SU970600A1 - Method of stabilizing output voltage of transistorized dc voltage converter - Google Patents

Description

The invention relates to electrical engineering and can be used in the construction of secondary power sources.

A known method of stabilizing the output voltage of a transistor converter is a constant voltage, in which the voltage regulator is a converter transistor operating in the pulse-width modulation mode i J.

The disadvantages of this method are the complexity of the control circuit caused by the need to use a pulse-width modulator, and the low speed of the voltage stabilization system during various transients.

A significant increase in the speed of the stabilization system is achieved by using the two-stage principle of regulation.

Closest to the method proposed by the technical essence of stabilizing the output voltage of a transistor converter, which consists in measuring the output voltage of a converter, comparing it with the upper and lower reference levels of voltages and

the formation, respectively, of blocking: triggering and triggering signals, which affect the control inputs of the transistor converter, stalling and exciting the process of self-oscillations of G 2;}.

The disadvantages of this method are low efficiency and increased ripple of the output voltage, which is caused by the additional switching of the transistors of the converter at each switching, caused by the dual-position Stabilization process.

The purpose of the invention is to increase the efficiency

15 and reducing the ripple of the output voltage of the stabilized transistor converters.

This goal is achieved by the fact that, according to the method of stabilizing the output voltage of a transistor converter of a constant voltage, consisting in measuring the output voltage of the converter, comparing it with the upper and

25 lower reference levels of voltages and the formation, respectively, of the blocking and triggering signals, which affect the control inputs of the transistor converter,

30 Strava and the excitation process autocollecti

An interlocking signal is generated at the moment when the upper reference level of the voltage and the resulting signal are formed by summing the measured output voltage with the pulses. The voltage that is formed at the moments of switching the transistors of the converter.

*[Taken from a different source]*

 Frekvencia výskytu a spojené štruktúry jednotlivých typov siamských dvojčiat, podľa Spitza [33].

Figure 1 shows the structural diagram of the device that implements the proposed method; Fig. 2 shows timing diagrams explaining the method of stabilization when the input voltage of the transistor converter changes.

The device contains a power source 1, a transistor converter 2 consisting of a master oscillator 3, a power amplifier 4, a rectifier 5 and a filter 6, a load 7, a comparison unit 8, an upper and lower reference voltage source 9, an amplifier 10, an adder 11 , shaper 12 pulses, the first 13 and second 14 comparators and the unit 15 run.

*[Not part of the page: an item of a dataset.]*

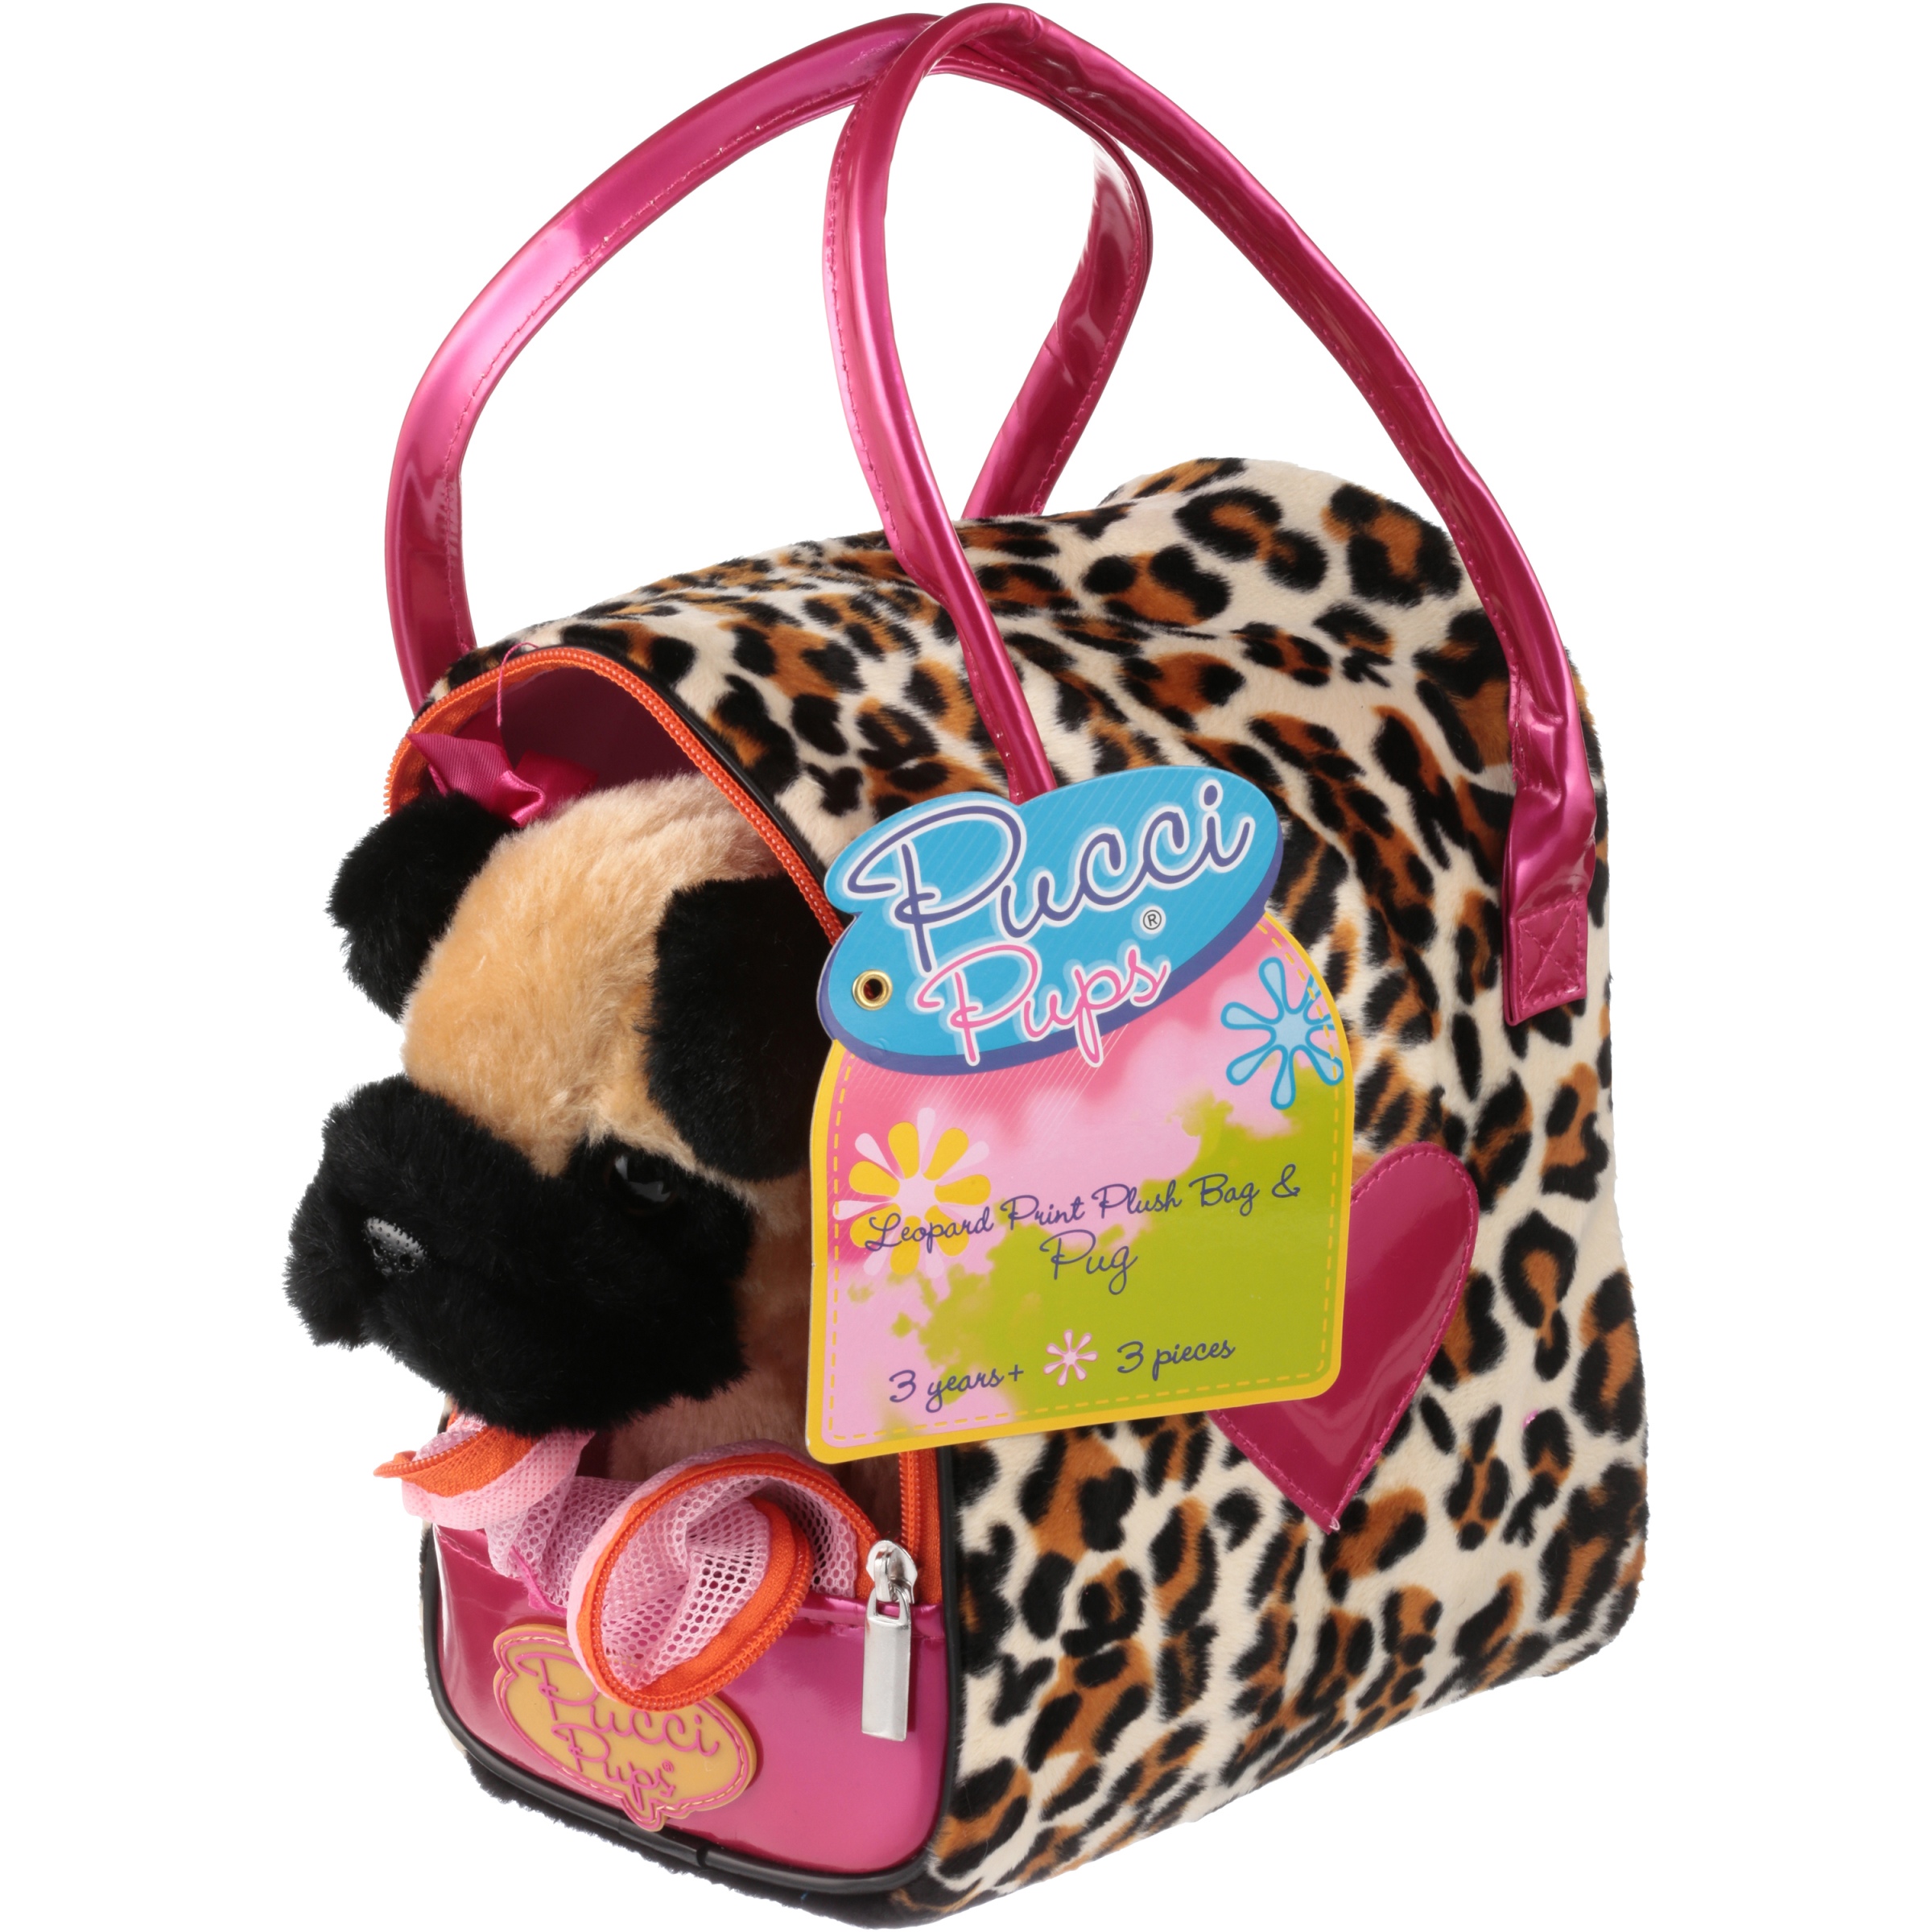 Pucci Pups Pug & Leopard Print Bag - image 2 of 4

The diagrams of Fig. 2 use the following notation: 16 is the voltage at the output of the filter b; 17 - the same voltage with increasing voltage | power source 1; 18 - pulses received at the moment of switching the transistors of the converter; 19, the lower reference level of the voltage at the output of the source 9/20 is the upper reference level of the voltage, 21 the voltage at the output of the monostation amplifier 10/22 is the output voltage of the power amplifier 10 with increasing voltage of the power supply source 1.

The stabilization process is carried out as follows.

A power source 1 is connected via a transistor converter 2, consisting of a master oscillator 3, a power amplifier 4, a rectifier 5 and a filter 6, to the load 7. The oscillations are excited in the master oscillator 3, the voltage on the load 7 is measured and compared in a block 8 comparisons with the lower reference level of the voltage supplied from the source 9. The signal from the comparison unit 8, equal to the difference in voltage across the load 7 and the voltage supplied from source 9, is fed to the amplifier 10. The voltage from the amplifier 10 is summarized in block 11 pulse shaped at a time of switching the transistors of the converter. The total signal is fed to the input of the comparator 13, to the second input of which a voltage proportional to the upper set level of the voltage being stabilized is applied. At the moment of equality of these stresses, a locking signal is formed, which breaks the oscillations in

master oscillator 3 and disconnect converter 2 from power supply 1,

The voltage at the output of the converter when the converter 2 is turned off is maintained by the accumulated energy in the reactive elements of the filter 6.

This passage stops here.